È legittimo, è comprensibile: come non dare ragione a rivendicazioni così ovvie come quelle della vita e della libertà individuale? Certamente lo Stato può e deve fare di più per proteggere le donne che sono minacciate, spesso da anni, dai loro aguzzini, prima di essere uccise. Questo carattere di omicidio annunciato è insopportabile e si devono inventare nuove misure di protezione pubblica efficaci, perché quelle in atto non funzionano.
Tuttavia è fin troppo noto che le leggi, necessarie, non saranno mai sufficienti per arginare un fenomeno che ha radici profonde nella cultura patriarcale, violenta e discriminatoria, che viene ancora sistematicamente ignorata in quasi tutti gli ambiti sociali, dagli uomini ma anche dalle donne che non sono consapevoli di questo tessuto di valori arcaici, che inquinano i rapporti fra i sessi e che dobbiamo conoscere e portare alla luce il più possibile per mettere in atto un vero cambiamento.
A Lea Melandri, un nome storico del femminismo, autrice di un testo fondamentale per l’analisi del fenomeno dei femminicidi (Amore e violenza – il fattore molesto della civiltà, Torino, Bollati Boringhieri, 2011) abbiamo chiesto esplicitamente quali siano le radici culturali della violenza di genere, per gli uomini che la agiscono e per le donne che la subiscono.

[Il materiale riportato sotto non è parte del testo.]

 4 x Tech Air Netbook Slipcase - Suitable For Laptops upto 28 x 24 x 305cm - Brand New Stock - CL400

«La violenza di genere ha le sue radici profonde nel rapporto di potere tra i due sessi, che si è confuso con le esperienze più intime, come la sessualità, la maternità, le relazioni famigliari. Gli uomini sono i figli delle donne. Il corpo che hanno sottomesso alla loro legge, sfruttato e violato in tutti i modi, è il corpo che li ha generati, che ha dato loro le prime cure, le prime sollecitazioni sessuali, un corpo che ritrovano nella vita amorosa adulta e con cui sognano di rivivere l’originaria appartenenza a un altro essere. Ma è anche il corpo che li ha tenuti in sua balìa nel momento della loro maggiore dipendenza e inermità, che poteva dare loro la vita o la morte, accudimento o abbandono. Confinando la donna nel ruolo di madre, l’uomo ha costretto anche se stesso a restare bambino, a portare una maschera di virilità sempre minacciata. Se, nonostante tutto, l’idealizzazione della famiglia è così duratura, forse è perché negli interni delle case tornano a confondersi la nostalgia dell’uomo-figlio e il potere di indispensabilità della donna-madre: sono i residui di un dominio patriarcale scosso nei suoi fondamenti a partire dalla libertà che le donne vanno faticosamente conquistando».

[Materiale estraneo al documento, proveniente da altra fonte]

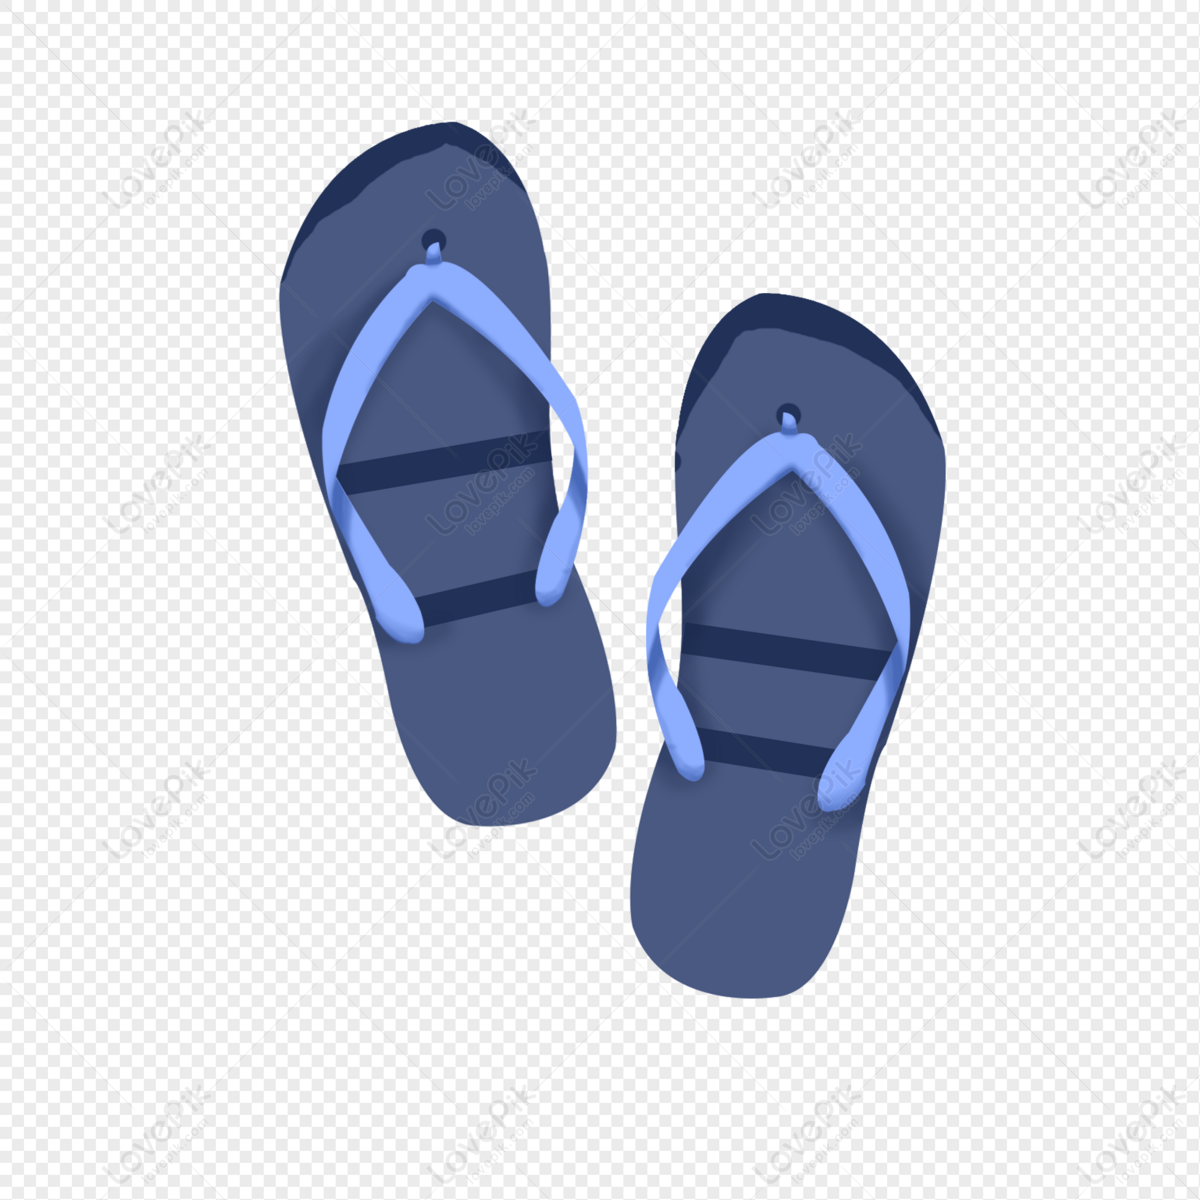 Slipper PNG Image And Clipart Image For Free Download - Lovepik | 401103918

Perché è così difficile prendere coscienza di questi contenuti a livello di cultura di massa? Quali sono le resistenze che impediscono il superamento dei fenomeni di violenza verso le donne?

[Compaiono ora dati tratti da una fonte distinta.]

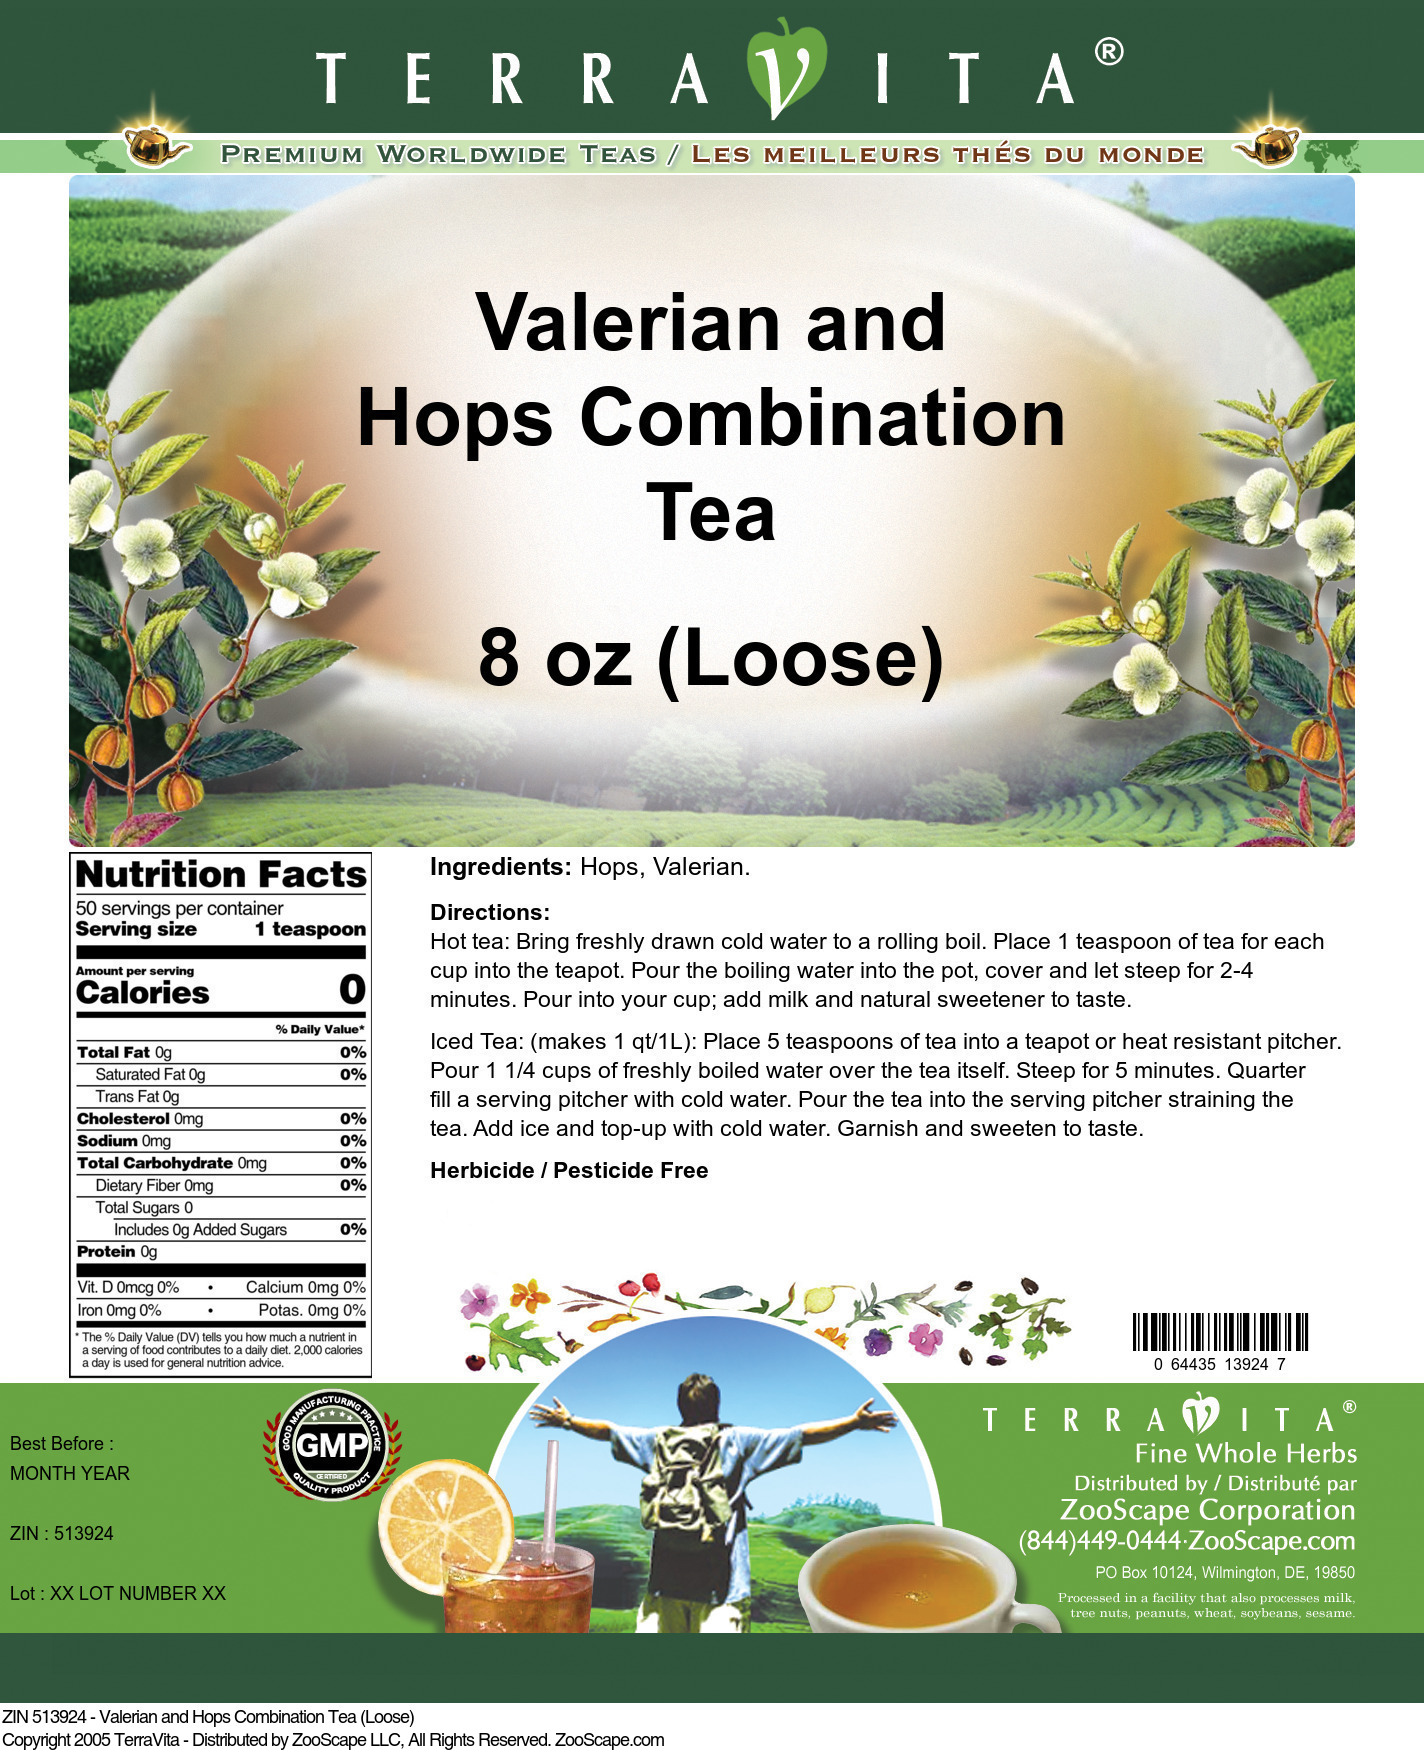 Valerian and Hops Combination Tea (Loose) - Label

«La consapevolezza del rapporto di potere che ha segnato da millenni la relazione tra i sessi avanza con lentezza e tra molti ostacoli. Non ultimo, è il fatto che si è trattato di una colonizzazione che ha interessato sia i corpi che le menti. Che altro potevano fare le donne, escluse dalla cultura e dalla vita pubblica, se non interiorizzare e incorporare la rappresentazione maschile del mondo? Incunearsi nei ruoli loro imposti, per sopravvivere, ma anche per strappare qualche potere e piacere? Riconoscere che la vittima parla la stessa lingua dell’aggressore, come ha fatto il femminismo fin dagli anni Settanta, vuol dire avviare una pratica di liberazione da modelli profondamente radicati, in cui in qualche modo le donne hanno creduto e che hanno perfino amato, una pratica che non può non toccare anche le formazioni psichiche immaginarie più profonde. La “presa di coscienza” riguarda entrambi i sessi, dal momento che anche gli uomini hanno ereditato una costruzione di genere, quale è la virilità, in tutte le sue forme, invisibili e manifeste».
di D.M.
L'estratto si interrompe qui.